Quantum computing

Given the news from Google, here’s some helpful context in deciding whether this is a big deal or not.

  1. Qubits utilise quantum mechanics and can literally exist in superposition, allowing them to be both ‘on’ and ‘off’ simultaneously.
  2. Quantum computers excel in solving tasks classical computers cannot, like complex simulations and optimisations.
  3. Classical computers are more efficient for basic arithmetic and general-purpose tasks.
  4. Quantum computers rely on classical systems for tasks like control, error correction, and data management. Transistor density in traditional computers is not a bottleneck for quantum computing.
  5. Quantum computers can simulate molecular interactions, enabling breakthroughs in fields like drug discovery.
  6. Quantum computers have successfully simulated small molecules, validating their potential for real-world quantum behaviour.
  7. Simulating highly complex systems remains beyond current quantum capabilities.
  8. Large-scale quantum computers are decades away, with significant technical hurdles to overcome.
  9. Quantum computers complement classical systems rather than replacing them.
  10. Simulating a 50,000-atom system would require tens of thousands of qubits. Today’s largest quantum computers have less than 2K qubits. A glass of water contains 25 septillion atoms. Now, consider how big a computer would need to be to create a simulation like The Matrix.
  11. Scaling qubits and maintaining quantum coherence is one of quantum computing’s major challenges.
  12. Scaling seems impossible today but In the 1960s, we would’ve been shocked to learn that transistors, once measured in millimetres, would shrink to the nanometre scale today.

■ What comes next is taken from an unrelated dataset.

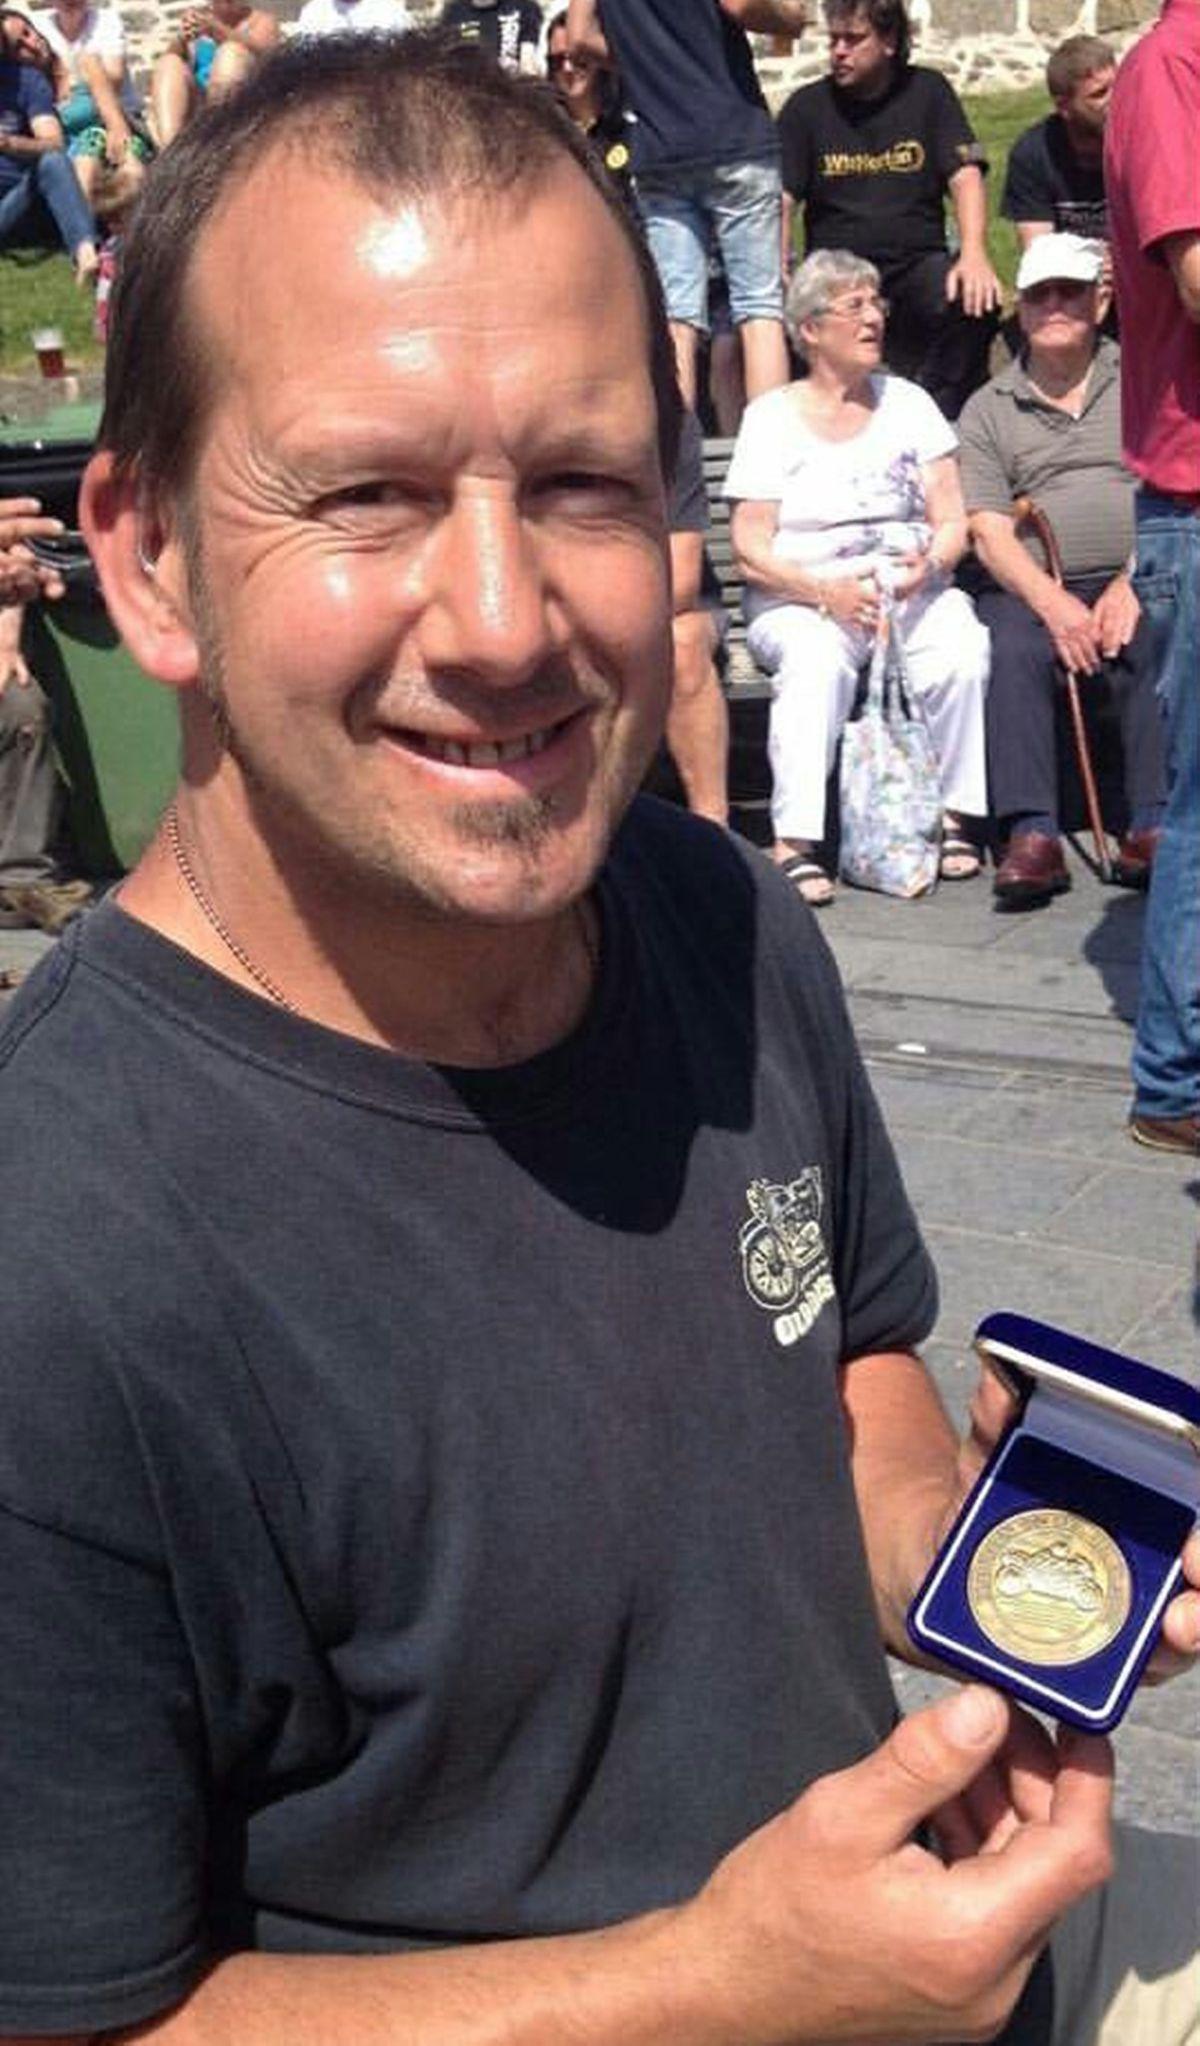 Neil Lloyd, aged 49
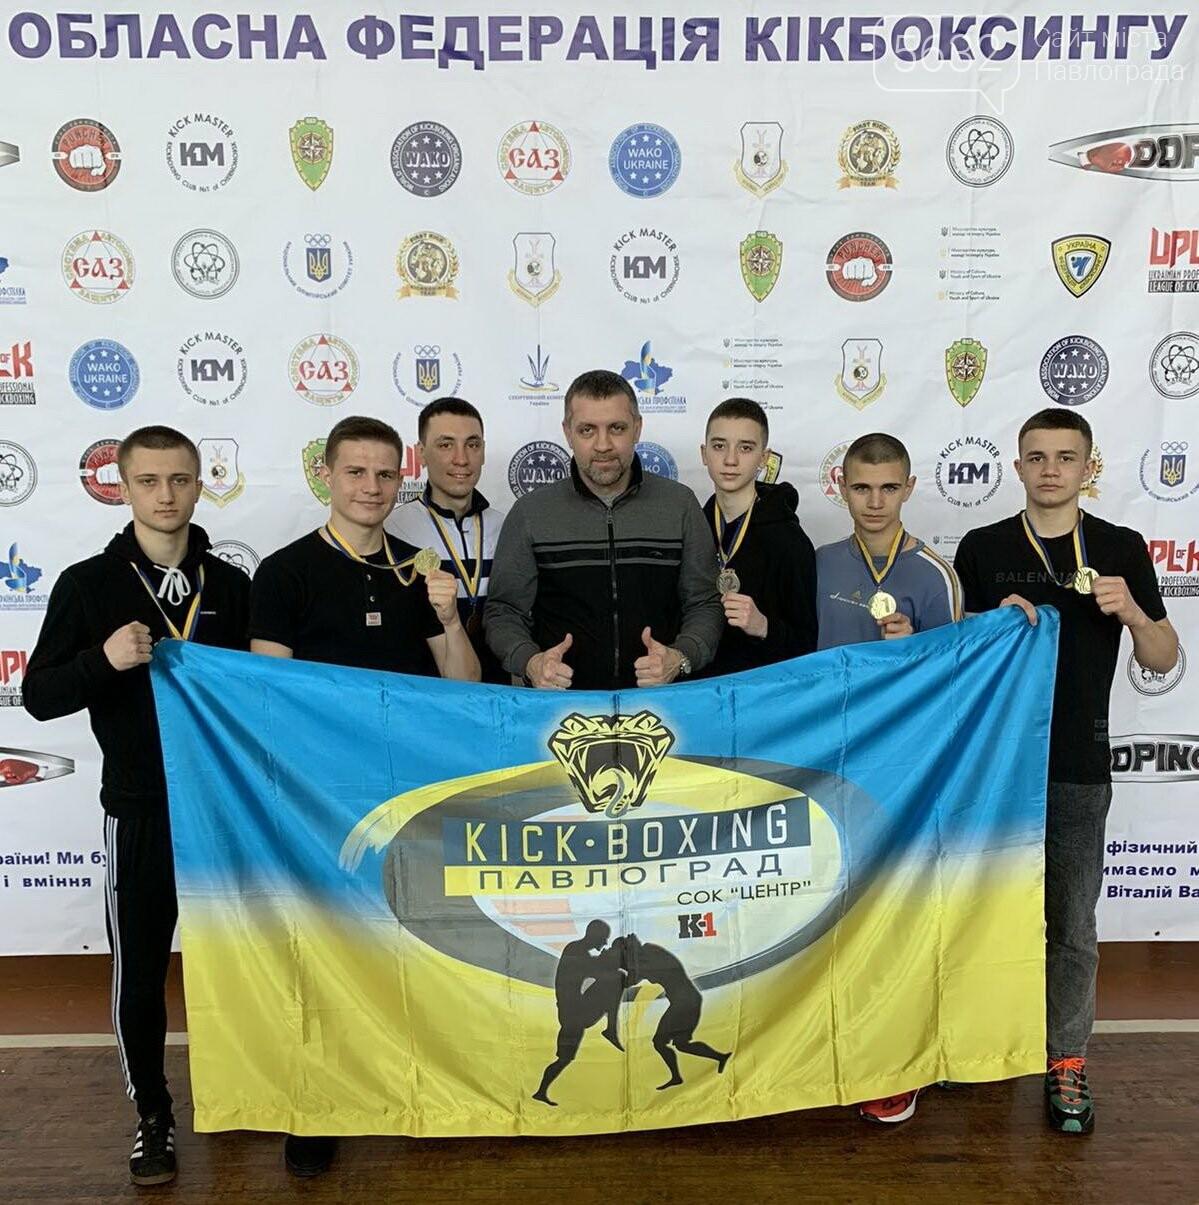 Павлоградские кикбоксеры победили в престижных соревнованиях, фото-1

For example, transistors in the 1960s were around 10,000 nanometres, whereas modern processors feature transistors as small as 3 nanometres—over 3,000 times smaller.
  13. The brain operates more like a classical computer despite being governed by quantum physics at its lowest level.
  14. Quantum effects influence classical computers but are not exploited for computation as in quantum systems.
  15. Quantum advancements are much slower than Moore’s Law for classical computing due to technical complexity.
  16. Quantum computing’s primary promise is simulating nature accurately, particularly at molecular and atomic levels.
  17. Quantum systems rely on error correction and stabilisation techniques, increasing qubit requirements further.
  18. Quantum computing would enhance AI in optimisation, data analysis, and solving computationally intense problems.

Based on this, I view Google’s achievement as something like the 100th step of a 100,000-step journey towards something truly world changing, so I’m not buying Google stock this week.